Nicole gründete vor etwa zehn Jahren das Autismus Forum Schweiz und schaffte damit eine Anlaufstelle für Erfahrungsaustausch, Hilfestellung und ein Netzwerk für Autistinnen, Autisten, deren Angehörige und Fachleute. Sie steht dem dazugehörigen Verein als Präsidentin vor und engagiert sich mit Kampagnen für Aufklärung im Bereich Autismus.
Nicoles Sohn ist Autist, 20 Jahre alt und hat einen hohen Unterstützungsbedarf. „Er spricht, bleibt aber oft stecken im Alltag und bei der Arbeit“, erklärt sie „so braucht er immer wieder Impulse, um weiterzumachen, was er angefangen hat.“
Die Regelschule besuchte er mit einer 1:1-Betreuung bis zur achten Klasse. „Die Qualität der Beschulung hat uns nicht überzeugt, sie war schlecht“, sagt Nicole, „deshalb meldeten wir ihn von der Schule ab und erreichten eine Einzelbeschulung. Das waren zwar nur zwölf Stunden, aber das zusätzliche Rahmenprogramm mit Sport, Chor und anderen Aktivitäten planten wir selbstständig dazu, damit er auch sozial eingebunden war.“
Aktuell wird Jonas in einem dualen System zum Haushaltspraktiker ausgebildet. In der Berufsschule ist er als Hospitant eingeschrieben. Er geht einen Tag pro Woche (Donnerstag) zur Schule. Nicole erklärt:
„An diesem Tag hat er elf Stunden Präsenzzeit, was für ihn ein Kraftakt ist. Davon ruht er sich am Freitag aus.

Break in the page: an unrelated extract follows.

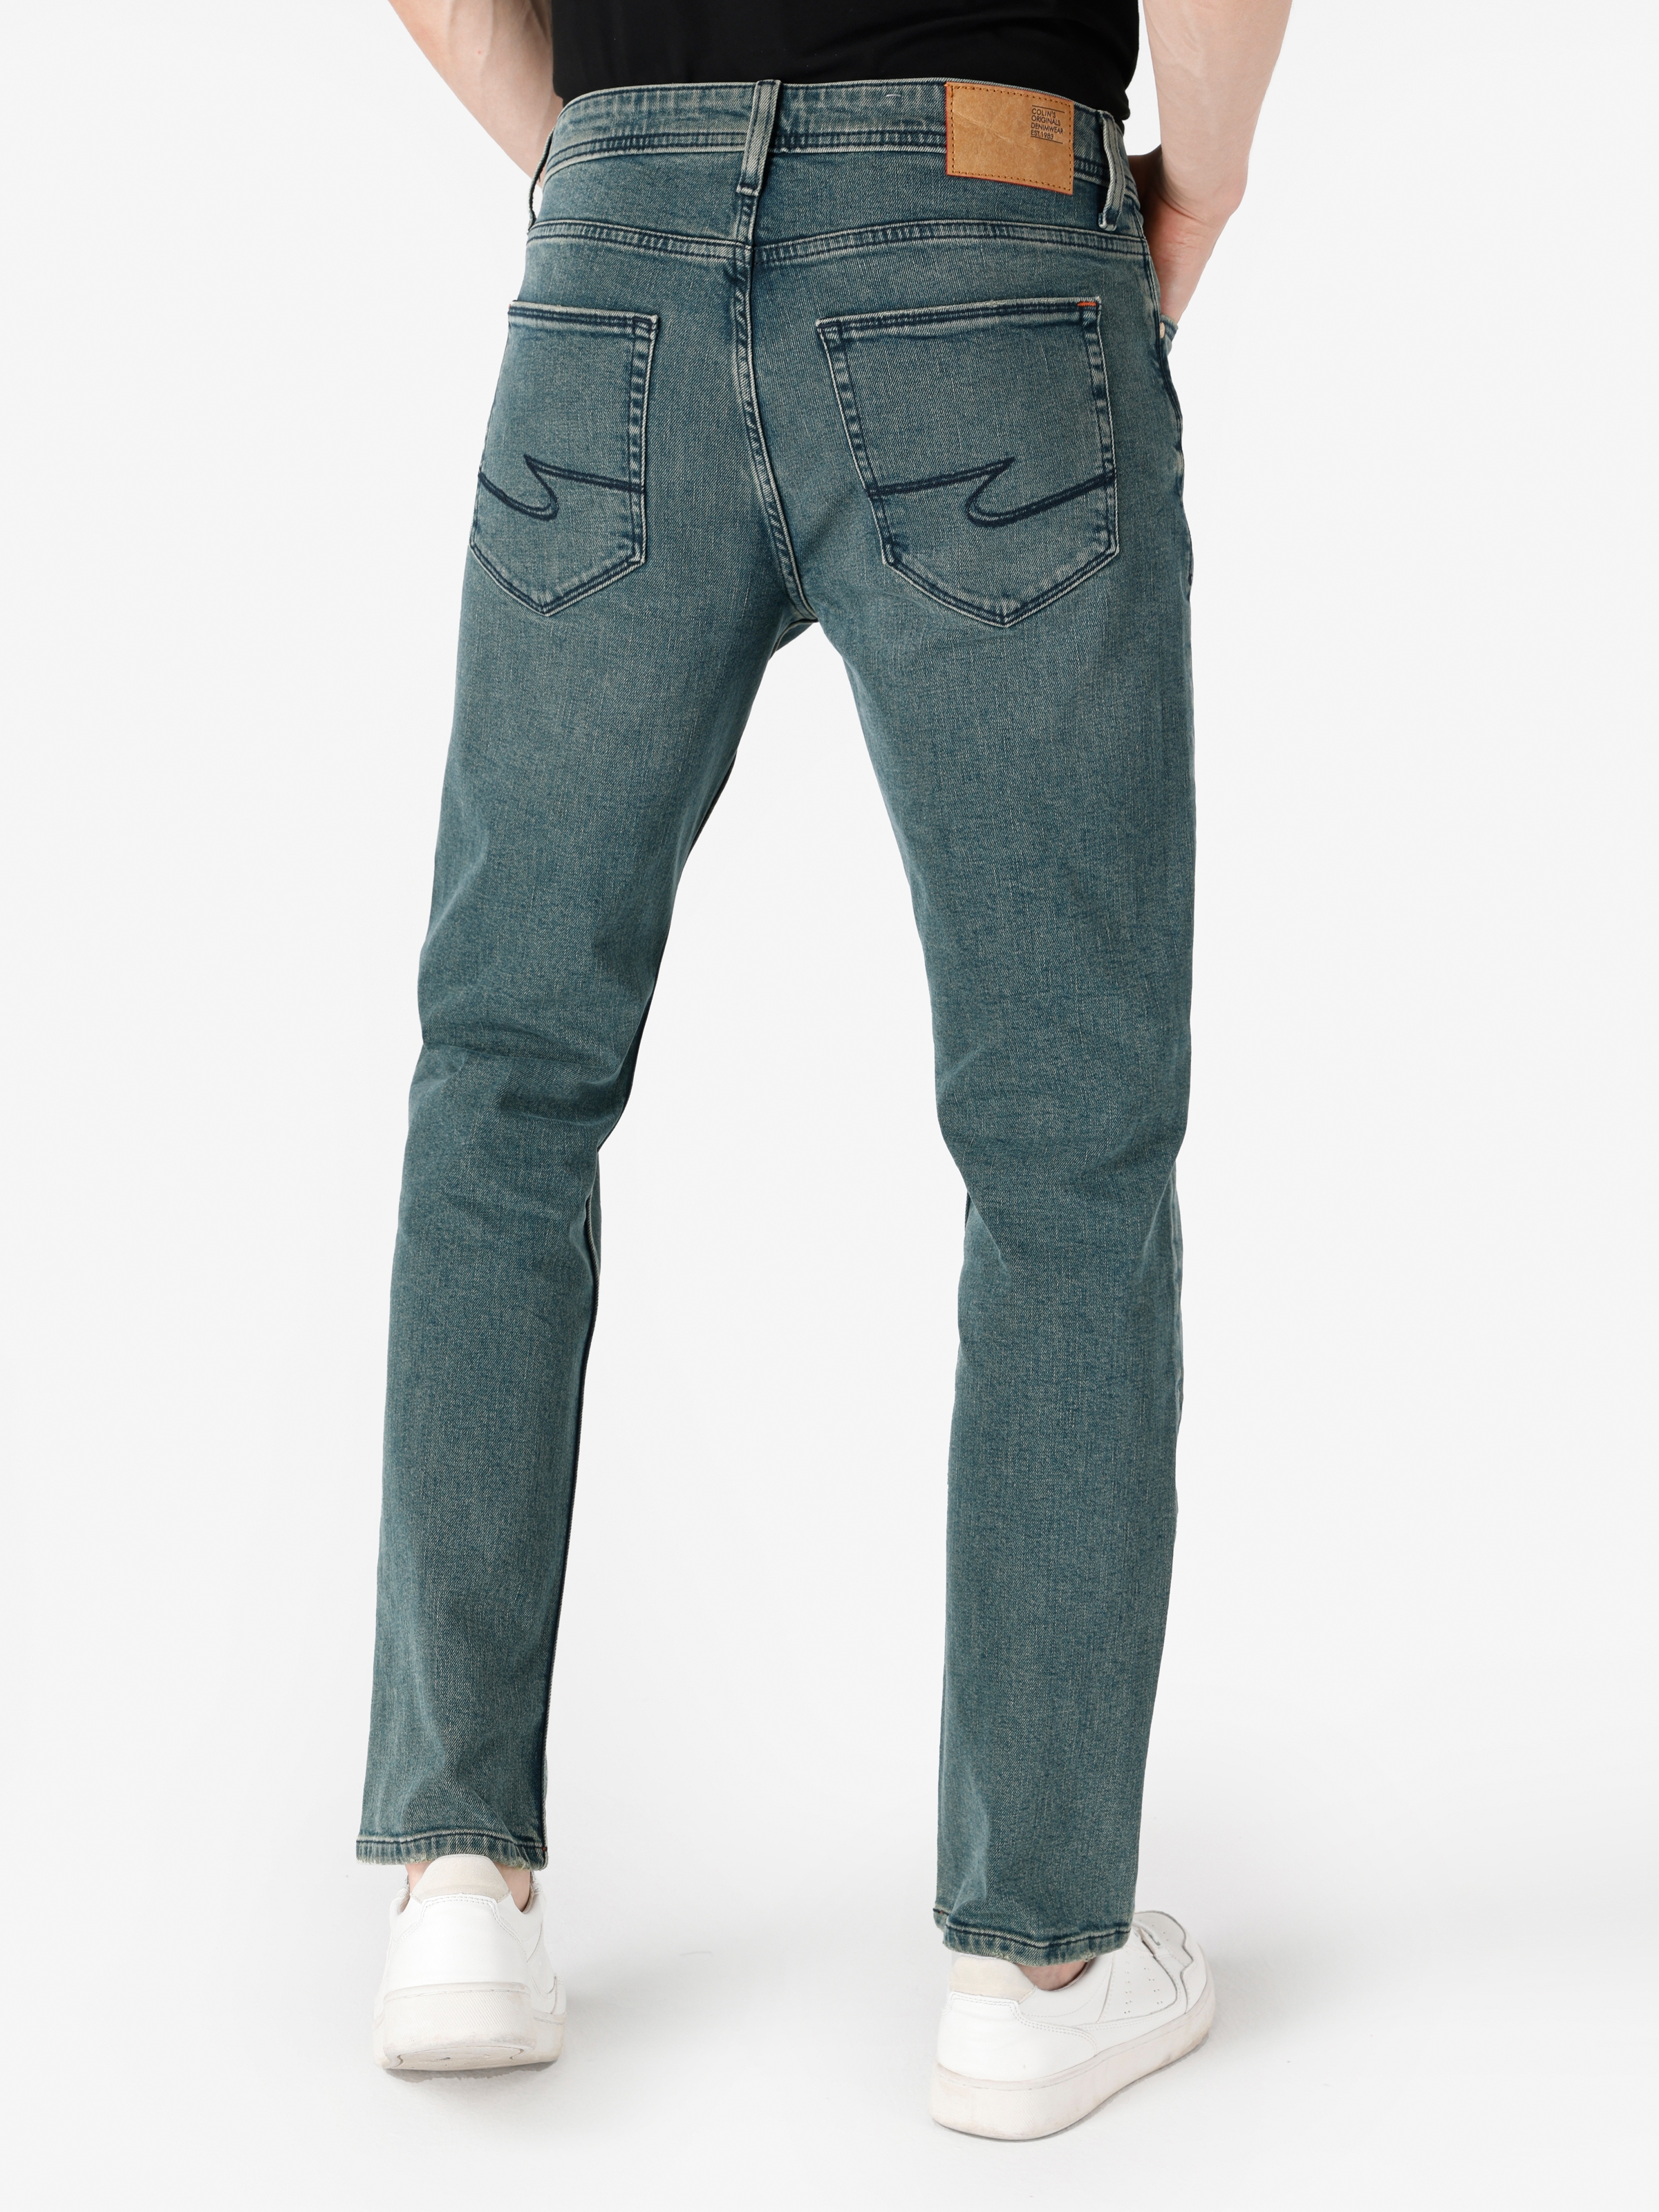 Afișați detalii pentru Pantaloni De Barbati Verde Regular Fit 045 DAVID

Die anderen Tage arbeitet er (einige Stunden) in der Konfitüren-Manufaktur (Sozialunternehmung www.autpartners.ch), die ich eigens für ihn – und hoffentlich in Zukunft auch für weitere Mitarbeitende mit Autismus – gegründet habe.
Bei uns in der Schweiz braucht es neue Gesetze (subjektorientierte Finanzierung), die es möglich machen, dass Autistinnen und Autisten sich selbstbestimmt eine Arbeitsstelle suchen können und dafür die notwendige Betreuung erhalten.“
Jonas braucht viel Unterstützung und wohnt zuhause. „Das soll auch erstmal so bleiben. Irgendwann wünschen wir uns für ihn eine eigene Wohnung, in der er selbstbestimmt mit Unterstützung leben wird. Auch eine Wohngemeinschaft, z.B. inklusiv mit Studenten, ist denkbar. Aber im Moment geben wir ihm als Familie noch die sichere Grundlage für sein Leben. Damit ist er in alle familiären Prozesse eingebunden und wir auch in sein Leben“, erzählt Nicole. „Er steckt noch mitten im Prozess des Erwachsenwerdens und braucht diese Sicherheit, um sich in den nächsten Jahren weiter entwickeln zu können“
Nicole erzählt, dass ein Zimmer in einer Einrichtung für Jonas eine große Einschränkung von Freiheit und Lebensqualität bedeuten würde. Ausgefeilte Hilfesysteme, in die man sich einfügt, bedeuten doch auch immer Abhängigkeiten. Vorgegebene Strukturen bergen Vor- und Nachteile in sich. „Ich setze mich politisch dafür ein, dass selbstbestimmte Lebensformen besser unterstützt werden“, sagt Nicole.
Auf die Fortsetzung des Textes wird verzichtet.